# 97 Altima Stalling



## rrogers (Dec 7, 2004)

Hi all, Newbie here!!
Altima started stalling on acceleration from take off and stall out. With RPM's above 1300 accelerated fine, run smooth at idle. Been doing this for about a week, took to shop no codes showing. Good spark from coil and distributor. Fuel pump holds proper pressure. Car will not start now?


----------



## KA24Tech (Feb 2, 2004)

Does it have fuel and spark now that it won't start? You need to know the fuel pressure at the fuel rail, it should be at least 30 psi. The spark should fire the plug also. How old is the cap and rotor? If you can get back to me, I think we can figure it out.

Troy


----------



## rrogers (Dec 7, 2004)

*97 Nissan*



KA24Tech said:


> Does it have fuel and spark now that it won't start? You need to know the fuel pressure at the fuel rail, it should be at least 30 psi. The spark should fire the plug also. How old is the cap and rotor? If you can get back to me, I think we can figure it out.
> 
> Troy


Troy,
Thanks for quick response, 
Is my daughters car and be a day or two before I will tow it in for inspection. Changed Distributor-cap-rotor plugs-wires 2 yrs ago, had a bad no-start problem found coolant switch bad (after extreme expense). 

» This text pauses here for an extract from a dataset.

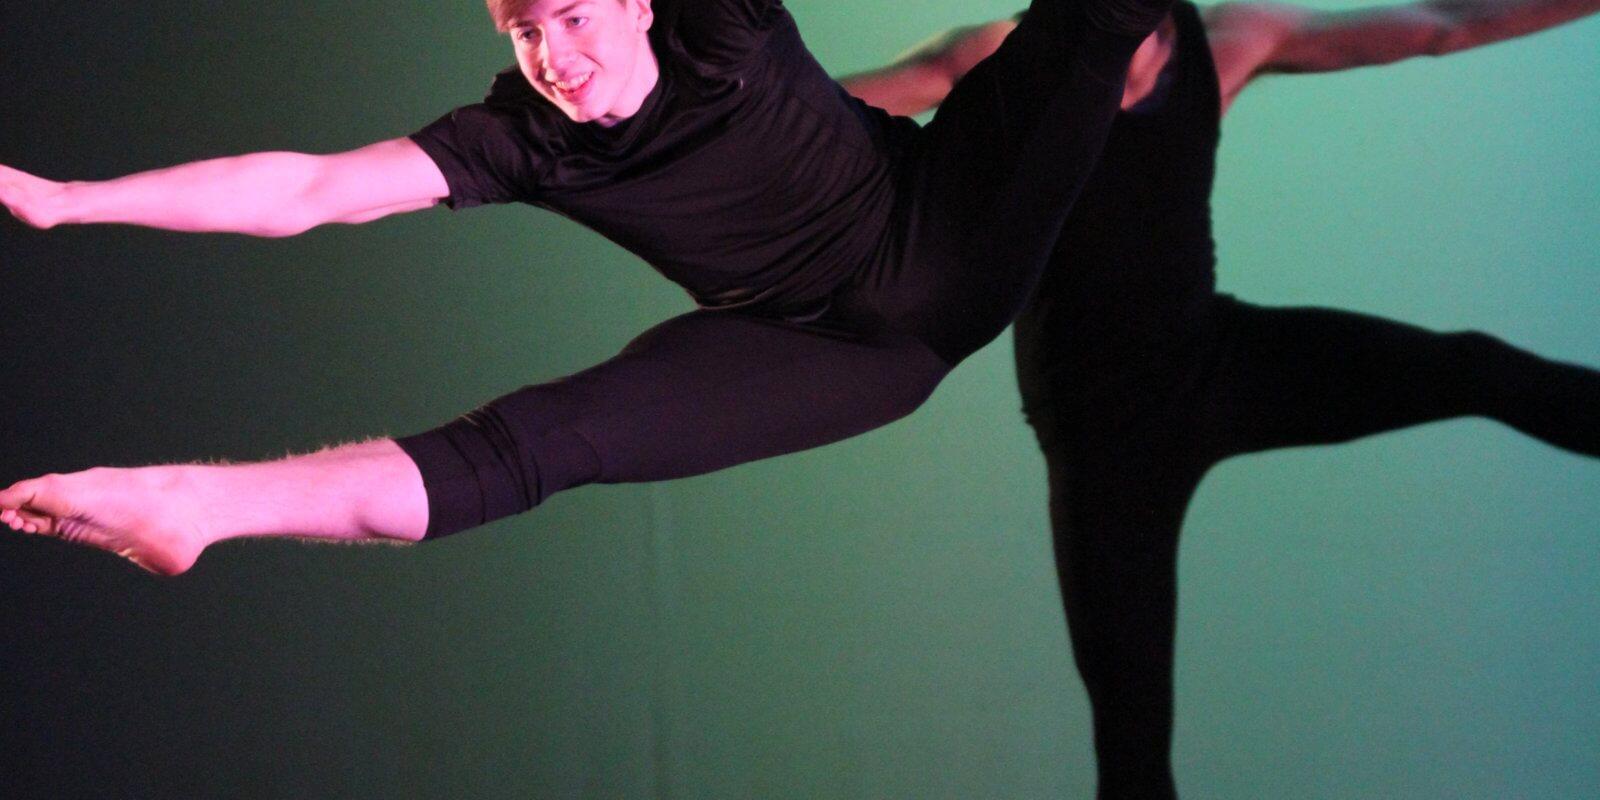 Arts1 Gallery: Dare to Dance 'RAD Centenary Celebration' 5

I am looking forward in resolving this with you and maybe some day can repay favor!

Richard


----------



## rrogers (Dec 7, 2004)

rrogers said:


> Troy,
> Thanks for quick response,
> Is my daughters car and be a day or two before I will tow it in for inspection. Changed Distributor-cap-rotor plugs-wires 2 yrs ago, had a bad no-start problem found coolant switch bad (after extreme expense).
> 
> ...


----------



## rrogers (Dec 7, 2004)

problem was found with distributor cap and rotor worn. Problem corrected


----------



## KA24Tech (Feb 2, 2004)

I'm sorry that I didn't get back to you sooner, but I'm glad you found the problem. I have noticed that parts other than factory Nissan especially in the electrical and ignition don't seem to have the same reliability. I'm not saying they don't work they seem to need a little more attention. 
Anyway, glad you got it.

Troy


----------